§ EXERCISE DESCRIPTION: Only the lines in the entries below from the line with "<p>Punctuation &amp; symbols</p> glyphs" to the line with "TCG Process expands", both included, belong in the answer, transcribed exactly and without pictures.

═══ THE INPUT ═══

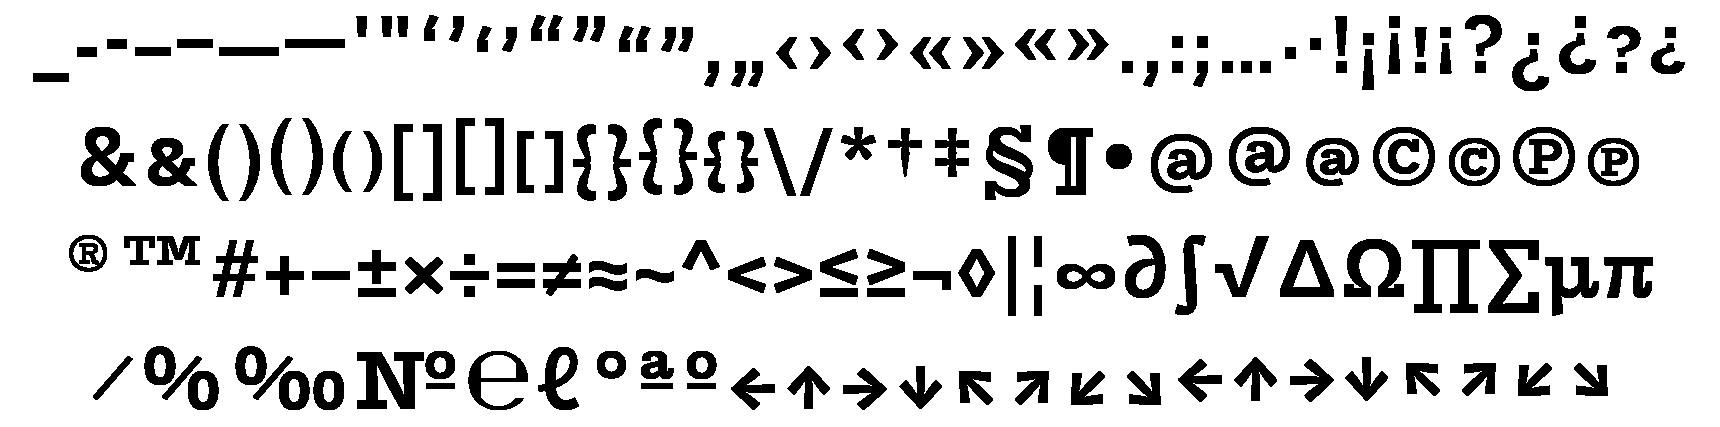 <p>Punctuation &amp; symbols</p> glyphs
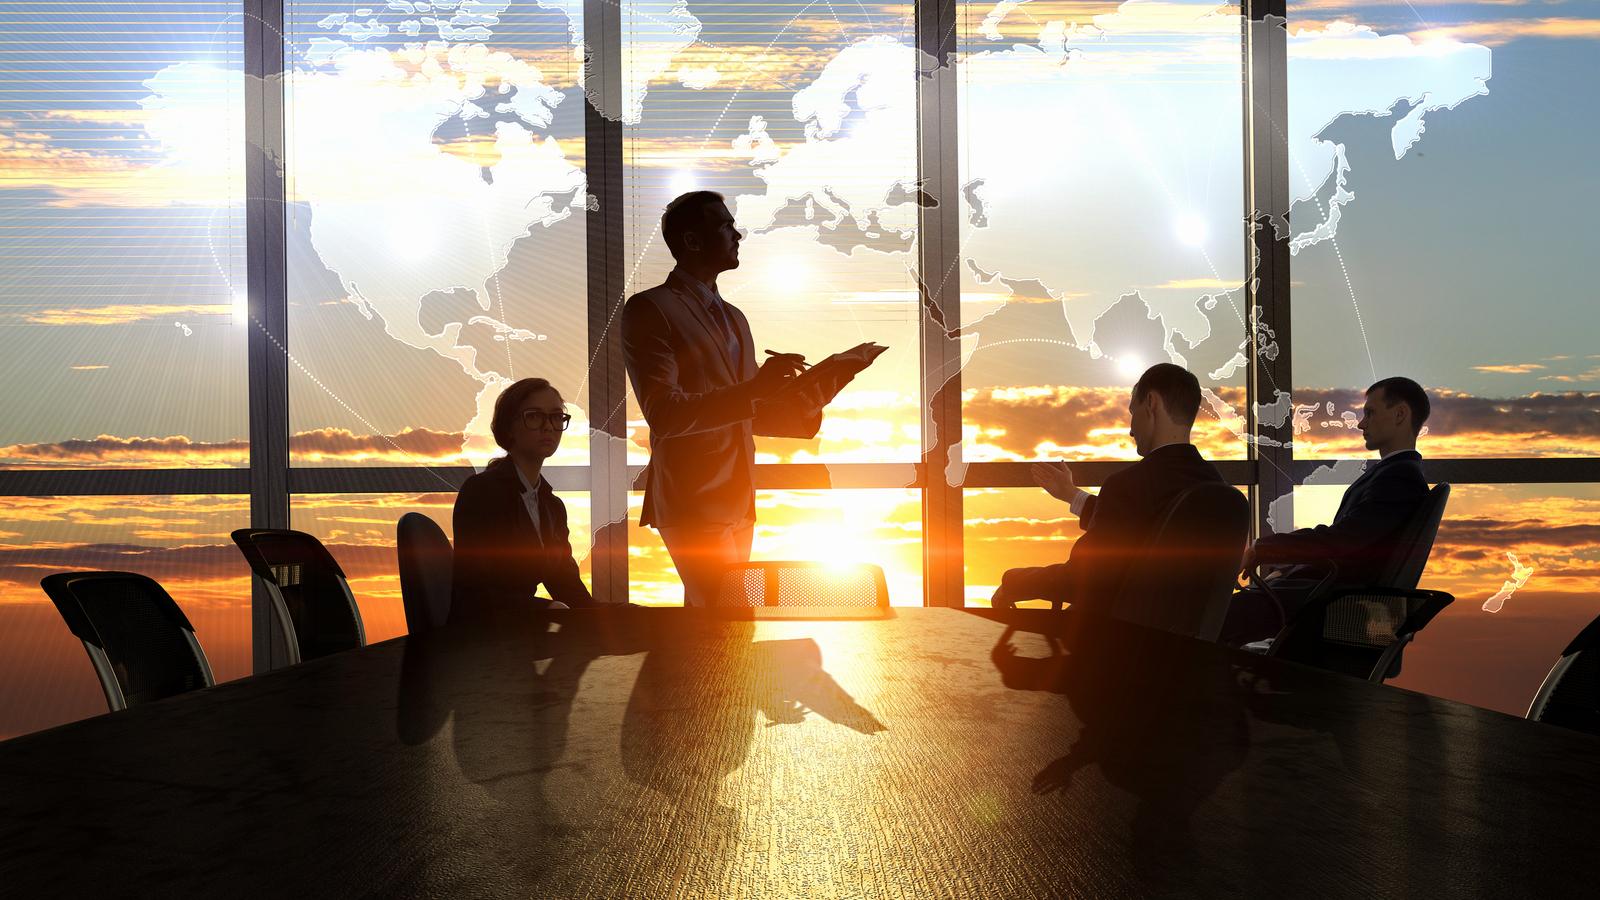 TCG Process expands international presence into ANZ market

═══
═══ THE INPUT ═══

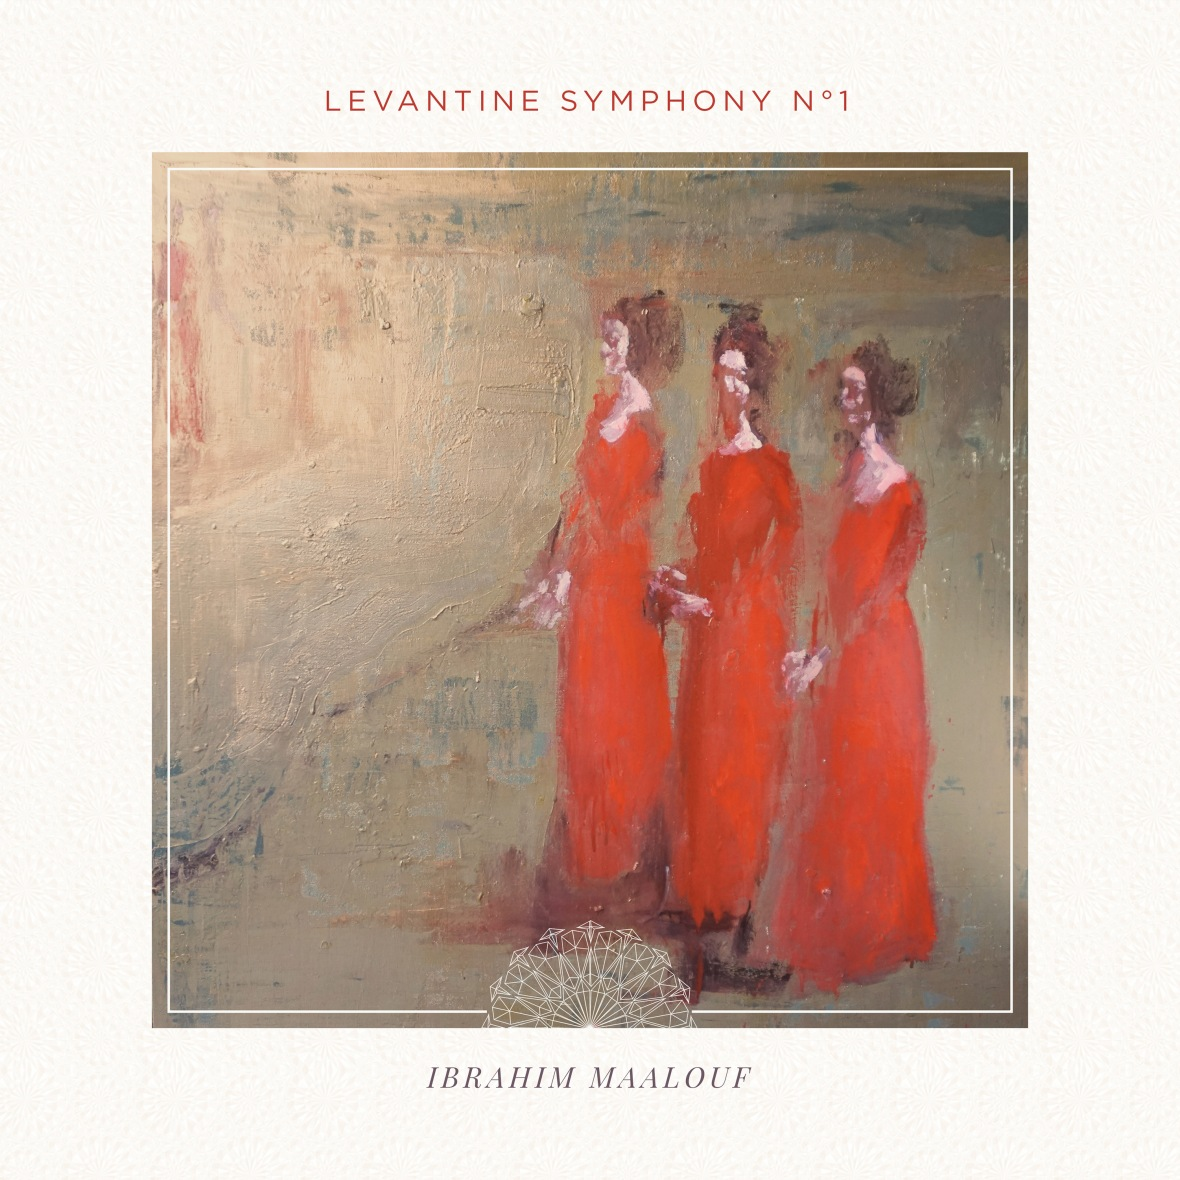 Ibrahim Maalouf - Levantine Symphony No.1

═══

§ REPLY TO THE EXERCISE:
 <p>Punctuation &amp; symbols</p> glyphs
 TCG Process expands international presence into ANZ market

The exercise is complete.